There is a larger story here, which Singal does not fully develop, about why we as a society invest an unreasonable amount of authority in social science. He hints at this in his concluding chapters about the implausibility that priming, nudges, and other subtle interventions have large and predictable effects on human behavior, given how complicated and deeply rooted our motivations likely are. But he doesn’t seem to see the problem as inherent in our overreliance on social science as a guide for life. He seems to think that if only researchers preregister their studies and exercise greater care, we can avoid these abuses. He favorably quotes “the champion of replication and transparency in psychological science,” Brian Nosek, who writes that reformers have “irrevocably altered the norms and accelerated adoption of behaviors like preregistration and data sharing. Thanks to them, psychological science is in a different place today than it was in 2011. Psychology in 2031 is going to be amazing.” Singal’s cautious agreement with this optimism strikes me as naïve, especially given all of the abuses he so carefully documents in his book.

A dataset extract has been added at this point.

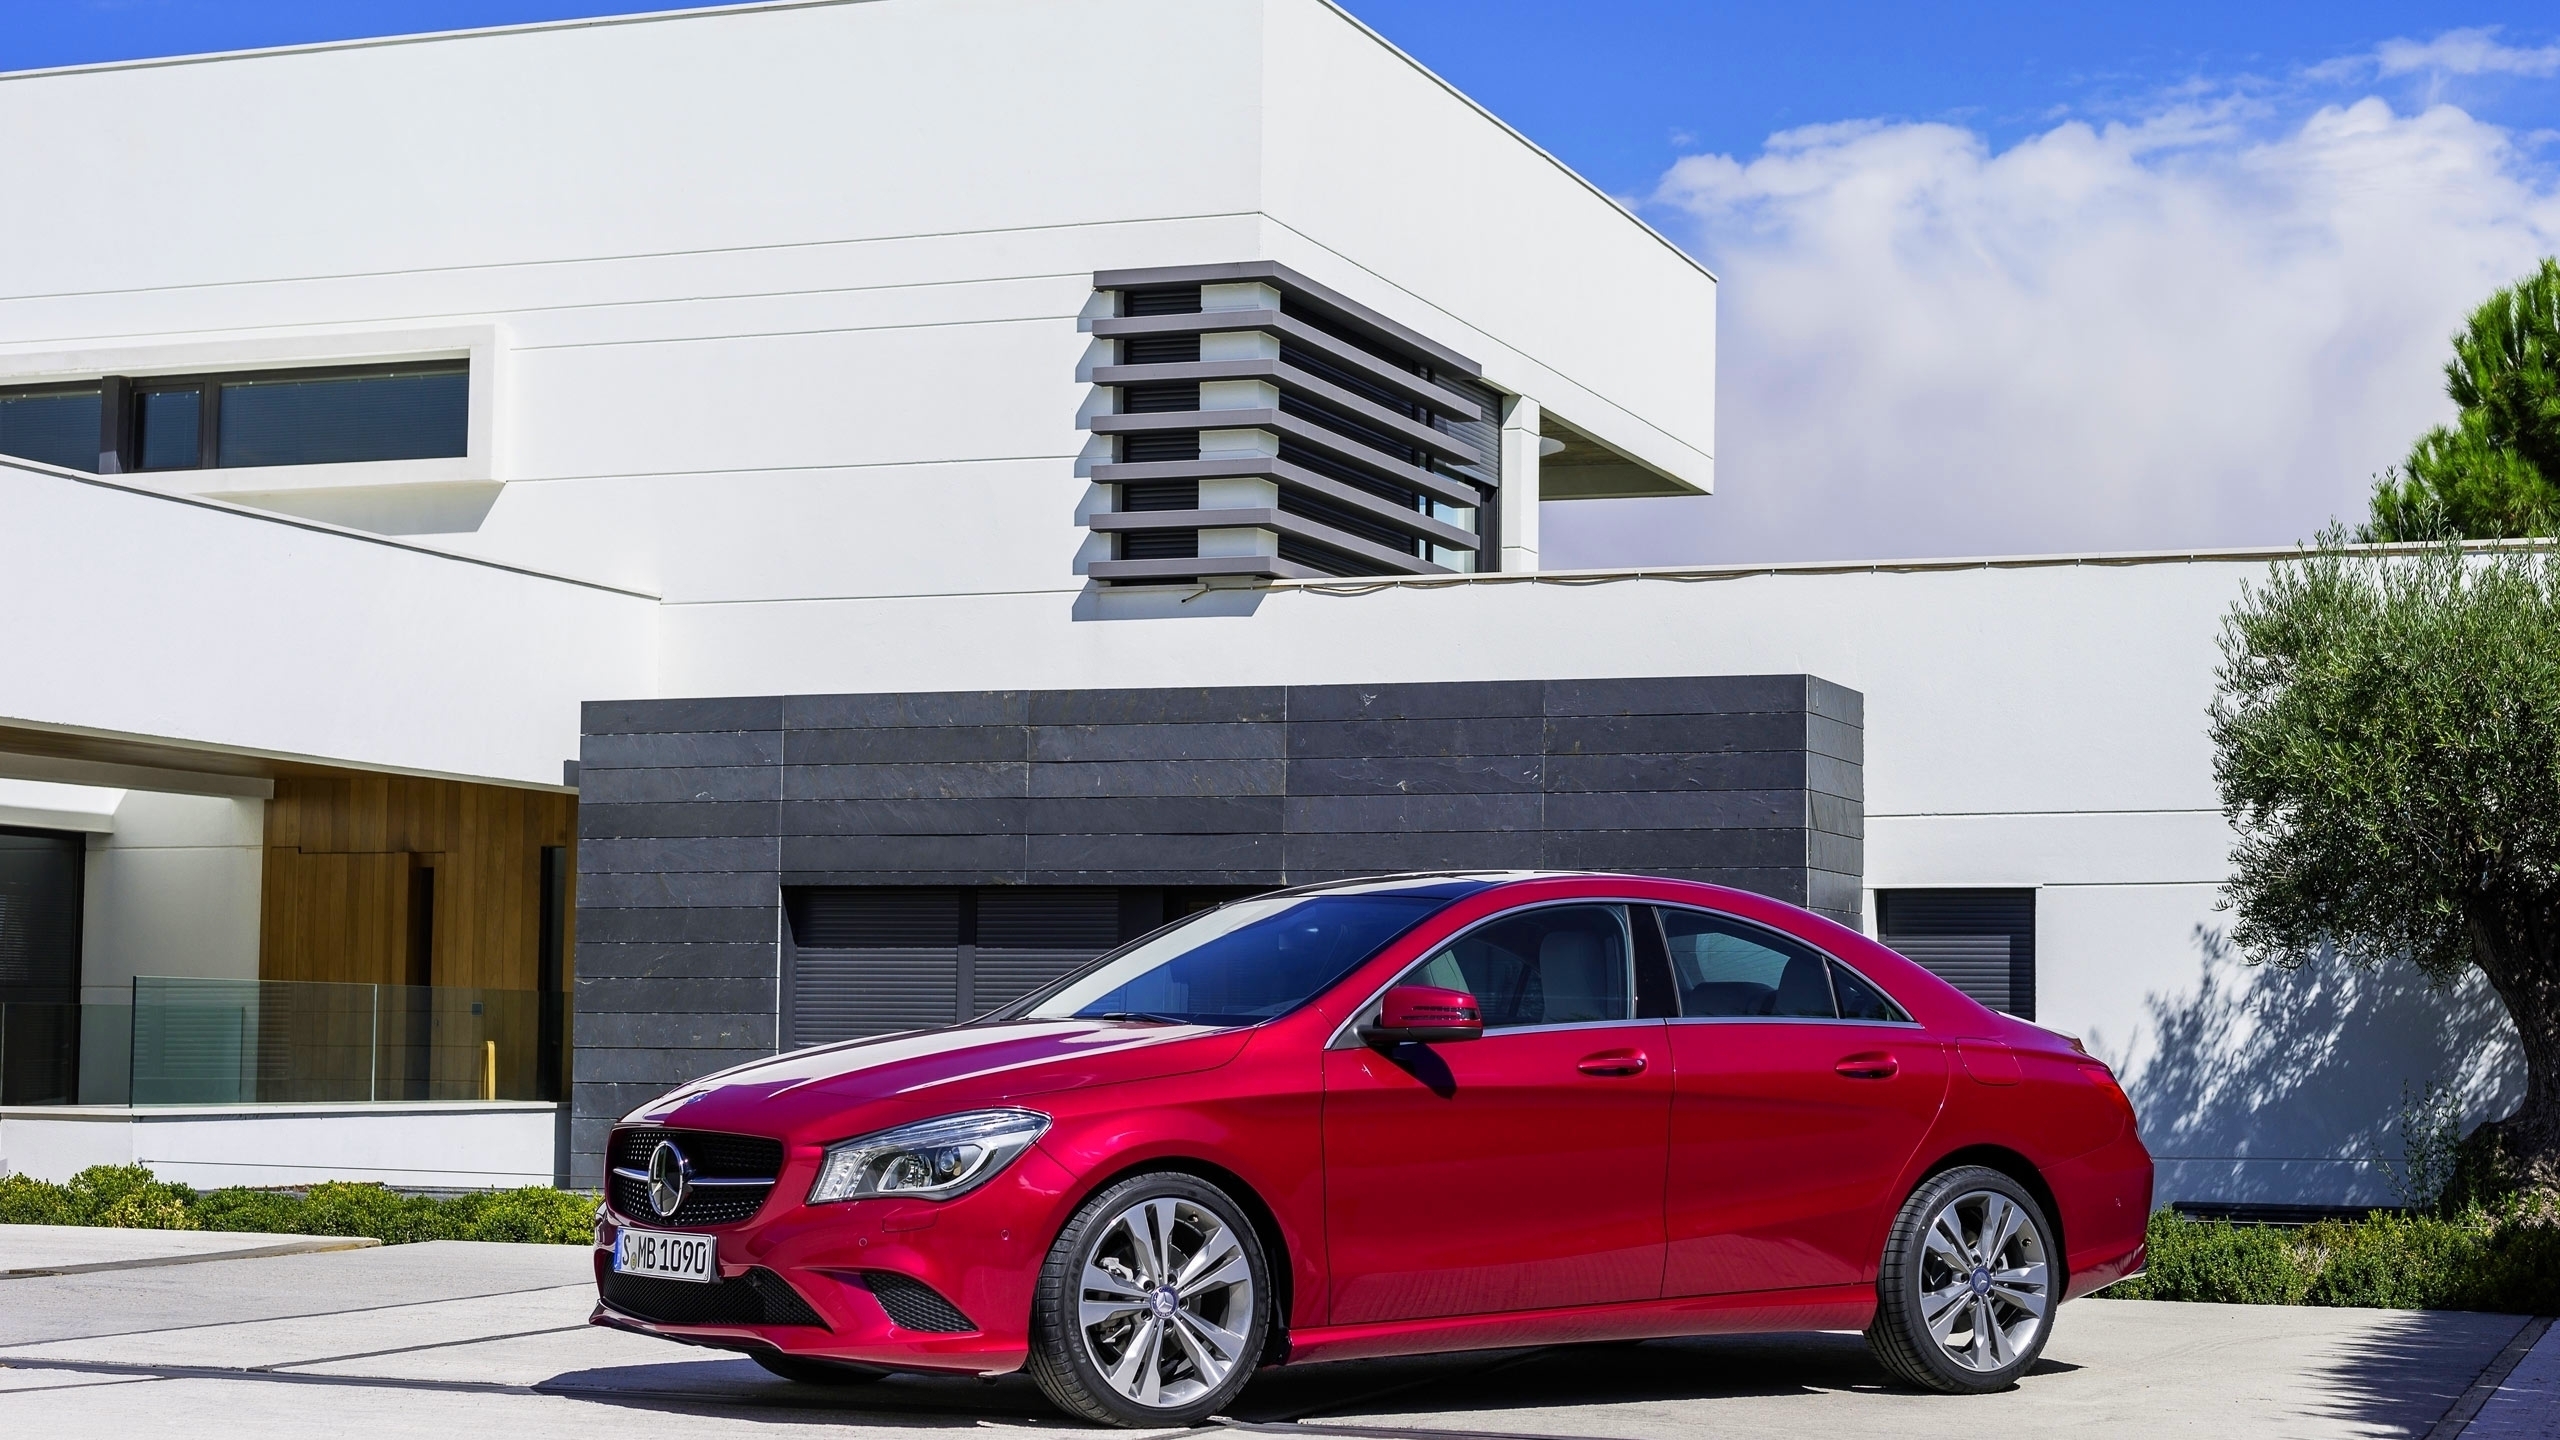 Gourgeous CLA Mercedes  for 2560x1440 HDTV resolution

Singal accurately captures the nuance and detailed shortcomings of research but seems to struggle in discussing the bigger picture with similar skepticism. The heart of the book lies in the chapters, some of which Singal published previously as standalone articles, about the weakness and misuse of particular research claims. In cobbling this material together into a book, Singal may not have given priority to identifying the unifying themes of his chapters. A plausible conclusion he could have drawn is that while social science can shed light on human behavior and even help guide it, it is not the only or necessarily the most reliable source of wisdom on how to live our lives. That’s also what the great religious traditions and their deference to experience and past practice are about. The Enlightenment values that gave rise to the social sciences can supplement the ancient teachings but need not replace them. Given how careful Singal is, perhaps he did not want to make an overly strong argument about unifying themes for fear of extending beyond his evidence, which is reasonable but makes the volume as a whole a little less compelling than it might have been.

Jay P. Greene is a senior research fellow at the Heritage Foundation.